Mahalia Ayala Galaz, personifica a la marquesa Paula Josefa Guerrero Dávila Fernández del Corral en «Arcos de amor», puesta en escena que se presentará el 20, 21 y 22 del mes en curso al interior del Museo de la Ciudad.
En este respecto, destacó que si la historia es justa recordará el nombre del marqués de la Villa del Villar del Águila; Juan Antonio de Urrutia y Arana, interpretado por Fernando Pérez Valdez, quien edificó los arcos del acueducto de Querétaro, pero seguramente Paula no será mencionada, ni como mujer, tampoco como esposa, ni siquiera a causa del nombramiento de marquesa. Sin embargo, la verdadera historia se encuentra grabada en piedra y no en pergaminos.
Juan Antonio, construyó el acueducto por cuya razón él, no puede confesar ni a sí mismo, En tanto que, sor Marcela lo impulsó a una fe que muy posiblemente nunca comprendió del todo, no obstante, tuvo el consentimiento de la marquesa, incluso, ella constituyó el puente entre un sueño imposible y la realidad. Sin su ayuda; él, sería como un ave incapaz de emprender el vuelo.

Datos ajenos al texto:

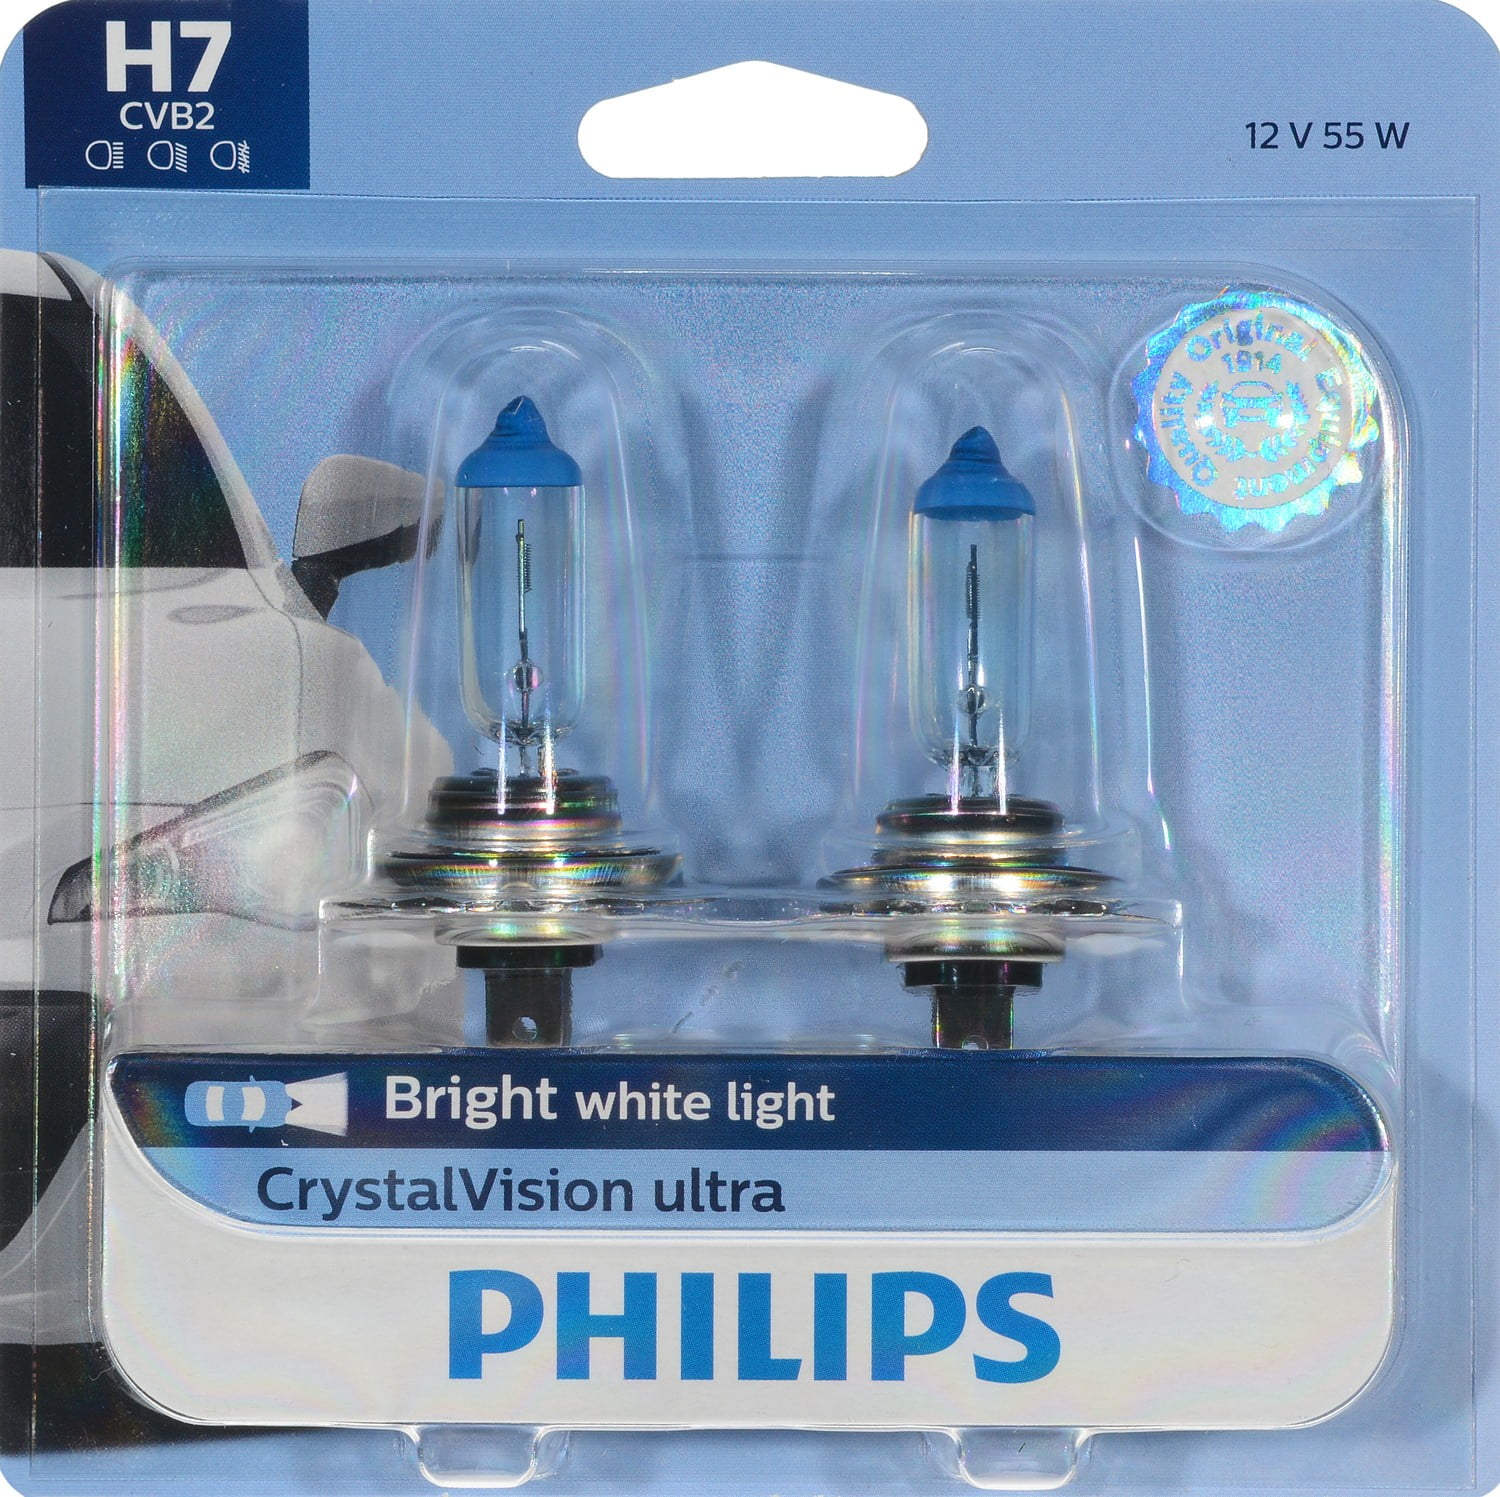 Philips WhiteVision Ultra H7 (Twin)

Se tiene la leyenda del marqués y la monja, una historia bonita acentuada por un amor puro y celestial, A pesar de ello, Paula dice tener la verdad que es por demás compleja, la realidad indica que una sola razón es insuficiente para que un hombre erija una montaña, porque ocasionalmente ese amor puede tornarse impuro, casi prohibido.
A trescientos años después de haber iniciado esta obra colosal, el nombre de la marquesa no es referido en las crónicas, revistas ni guías de turistas. Pero en cada gota de rocío posada sobre la cantera al amanecer, sí, en esa agua limpia que recorre por las fuentes de la ciudad ahí estará ella con su astucia y paciencia, derivado de lo anterior, resulta factible ver cómo ha valido la pena.
Para finalizar su intervención, la intérprete de doña Paula Josefa Guerrero Dávila Fernández del Corral, se dirigió a Querétaro a fin de hacer notar este gran legado para la posteridad, dejado por la marquesa.